Serverless architecture is here, it’s been proven, and companies from start-ups to Fortune 500 are jumping on this rapidly evolving bandwagon. If you aren’t familiar with the concept, read this first and then come back so I can convince you why you should want this.
1 – Avoid Under-Utilization
This one should be obvious, but it is the primary reason serverless is my preferred design approach, so I’ll say it anyway. In a world in which you are paying-per-use, if you don’t use–you don’t pay. No commitment and zero upfront costs. Imagine you just launched an amazing app, and no one showed up. That would be terrible, yes, but imagine if you were also paying to keep dozens of servers idle while waiting for everyone to show up. You are clearly worse off in the second scenario.
Still confused? Serverless means you are paying per request, per unit of data stored, and per second of compute time. The more you use–the more you pay. Cloud service providers are more than happy to charge us via a metered business model. Fortunately, this exposes another benefit of serverless: cost transparency. With the right instrumentation and analytics, you could attach costs to a business unit, team, product line, or even a single end-user. This kind of transparency would be incredibly challenging, if not impossible, in traditional server-based architectures.
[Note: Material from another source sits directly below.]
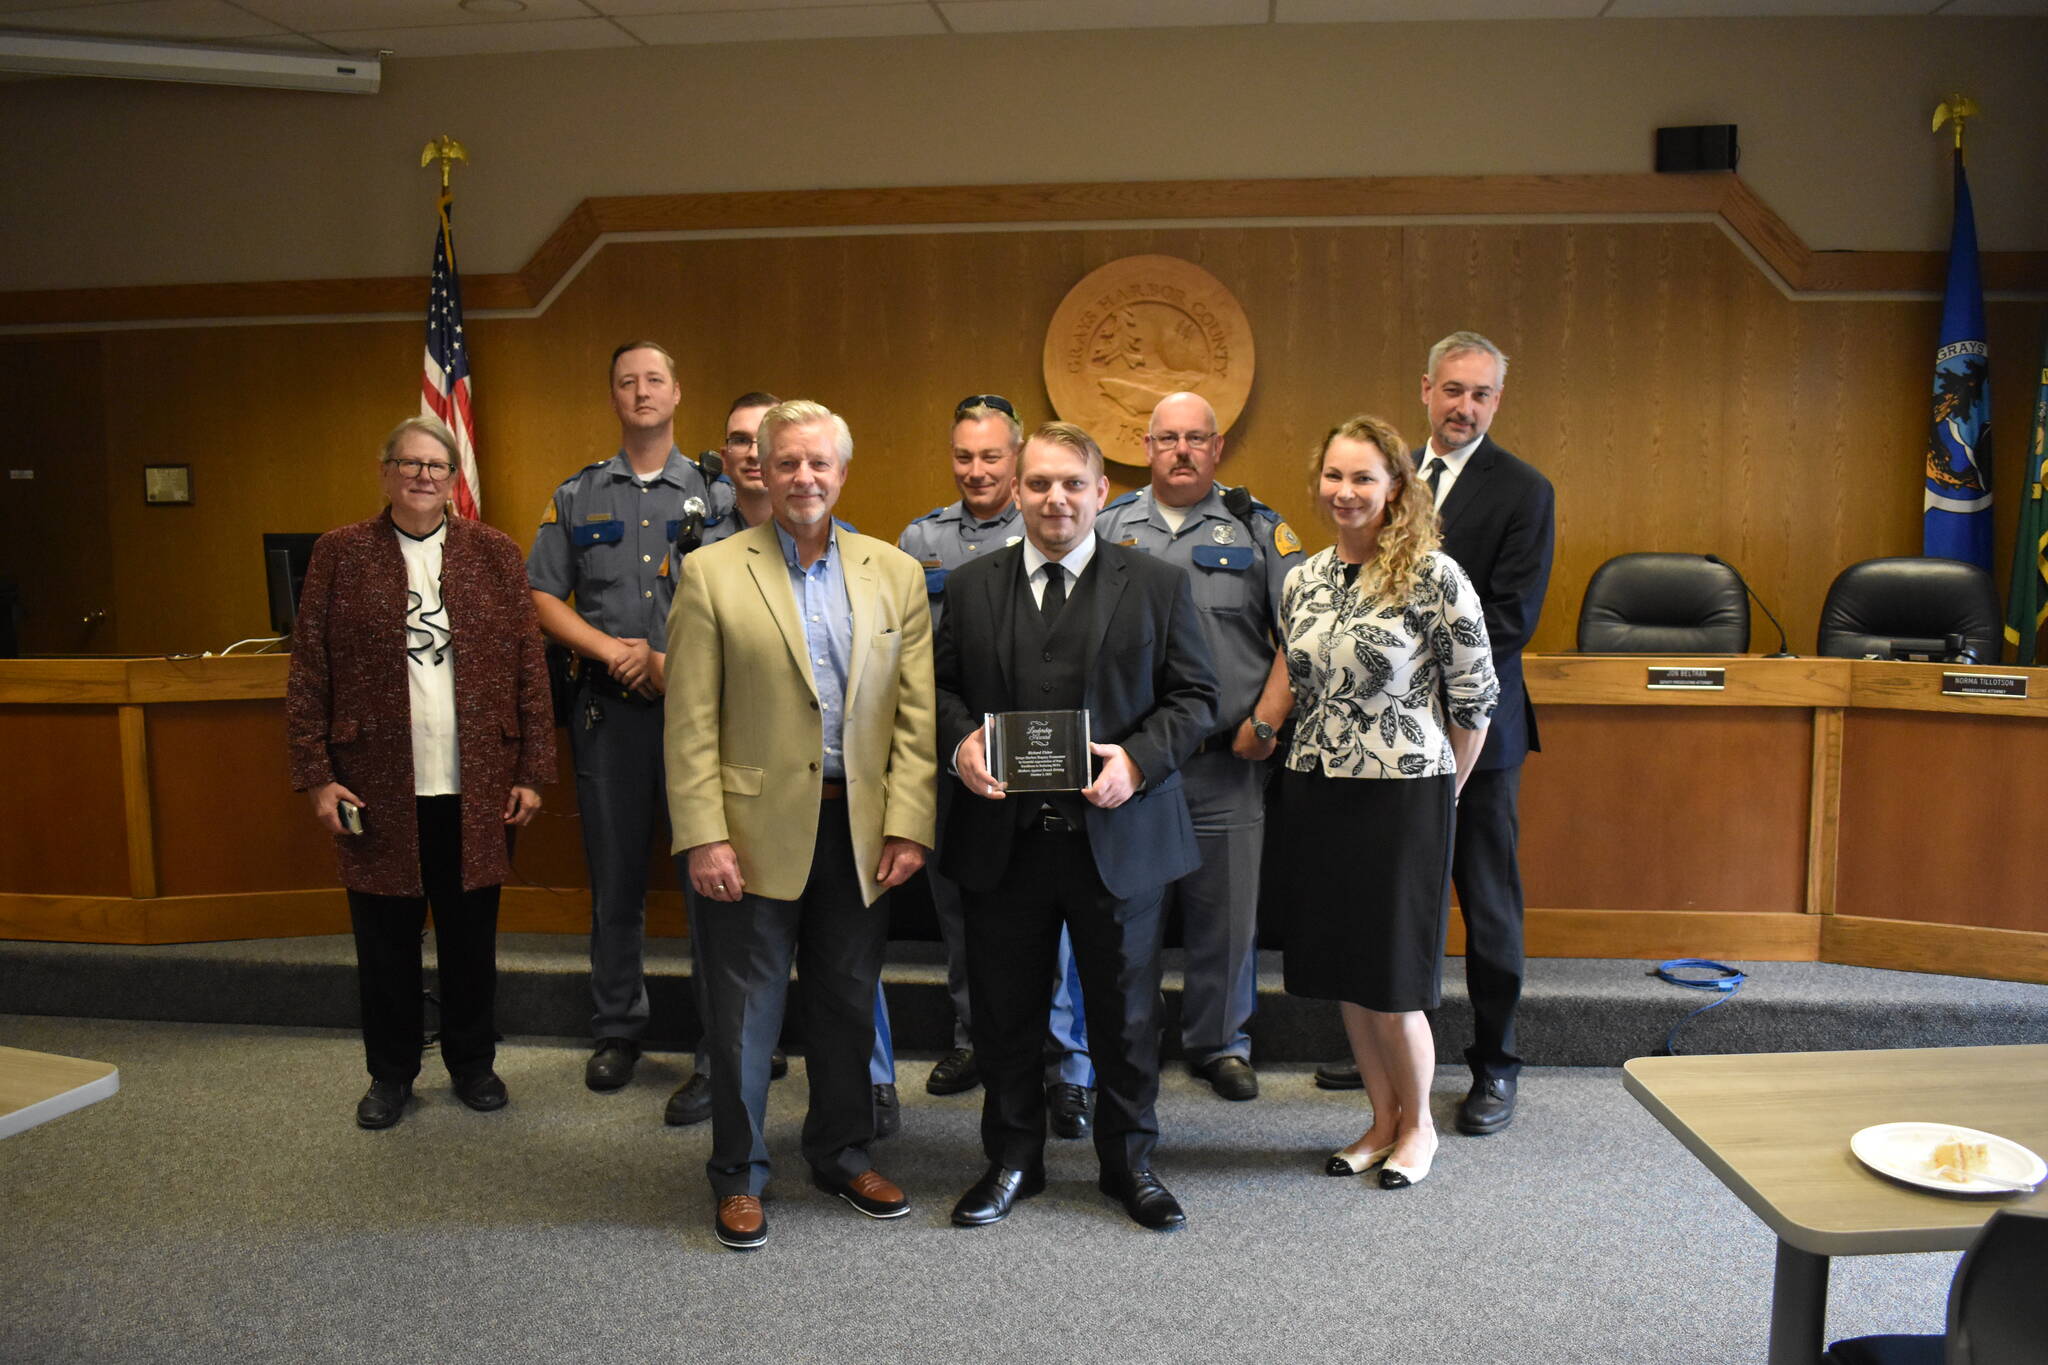 Allen Leister / The Daily World 
Grays Harbor Deputy Prosecutor Richard Fisher, (holding award) was presented with a Mothers Against Drunk Driving Leadership Award by David Maughan (left of Fisher), at the Grays Harbor Large Commissioners Meeting Room on Thursday, Oct. 27, in Montesano.

2 – Focus on Delivering Business Value
Serverless means no hardware to setup, no servers to provision, and no OS or database to install. Write a function, deploy the function, and execute the function. Alternatively, you don’t have to reinvent the wheel or rollout DIY functions. There are services on the market for various tasks: authentication, SMS, marketing and transactional emails, user analytics, customer payment, AI, and so many more. This kind of rapid development means you can quickly prototype an idea and get it into the hands of your users sooner. This reduces the time it takes to realize the business impact (good and bad) and allows you to experiment with more ideas at a much faster pace.
3 – Skip Hardware & OS Overhead
This one is right in the name. No servers in production means no servers to manage. AWS (Amazon), Azure (Microsoft), and Google are more than happy to take our money in exchange for this abstraction. Personally, I am more than happy to check some boxes and hand over my money. Security & monitoring? Taken care of. Patch Tuesday? Not my problem. Broken server? I’m not thinking about it.
This is not to say there is nothing to think about, but your internal IT team and developers (if you have any) can focus on more interesting problems.
4 – Seamlessly Scale to Infinity*
Maybe not actual infinity, but you can scale to incredibly large loads and volumes using services likes Lambda and DynamoDB (AWS). If your needs are beyond the default AWS Lambda limits (1,000 concurrent function executions), then I’d like to hear from you. Keep in-mind that 1,000 concurrent executions could translate to 5,000 executions per second if each function takes approximately 200 ms. That is before implementing a cache layer or using multiple AWS Regions.
For fun, let’s run a function 5 times per second for an entire month (30 days), which would result in 12,960,000 Lambda executions.Assuming 200 ms compute time @128 MB of RAM, it would cost exactly $7.99. Breakdown: $2.59 for the requests, and $5.40 for the compute time.
You can compress the timeframe and still only pay $7.99. In other words, could your data center handle an additional 12.9 million requests across a single month? Maybe. What about an extra 12.9 million in a single day? In a single hour?
Economies of scale allow us, non-cloud providers, to tap into immense power and flexibility on-demand at significantly lower costs with little-to-no commitment.
5 – Events over Data
The last decade has been largely focused on data. Bringing it to the web. Pushing it to the cloud. Visualizing, analyzing, and dumping it into cubes. Part of this effort was justified because sometimes it takes a ton of data to answer the certain questions. Having said that, it might make sense to think of the business problem as a series of events instead of the aggregation of data.
Imagine a pipe. Now imagine “stuff” flowing through this pipe; product purchases, invoices received, creation of new customers, support tickets, and application errors. Many different applications can be pouring events into this pipe, and many applications can be watching and responding this stream of events. You may have heard of stream processing or log processing; this is approximately what they are referring to. This idea aligns quite well with philosophies like Agile Development and Domain-Drive-Design. Create a bunch of producer (event creating) applications. Later down the road as requirements and needs become clear; create various consumers (event readers) to analyze or respond to the events.
Jumping back on topic, serverless architectures allow us to run with this idea incredibly quickly and with minimal commitment. AWS, for example, already has the infrastructure in place to: create streams via Kinesis, create functions via Lambda, and create rules to execute specific functions based on the events in the stream. This drastically reduces the amount of “glue” code we must write to get the ball rolling. Our functions become succinct poems and are focused on solving business problems.
For the record, you could implement an event-based architecture in a traditional server approach, but scaling and/or accessibility would likely become a problem. I am also willing to bet it would take longer to get started.
There are many other benefits to serverless architecture, but they all revolve around cost reduction, faster delivery, and rethinking how we solve problems.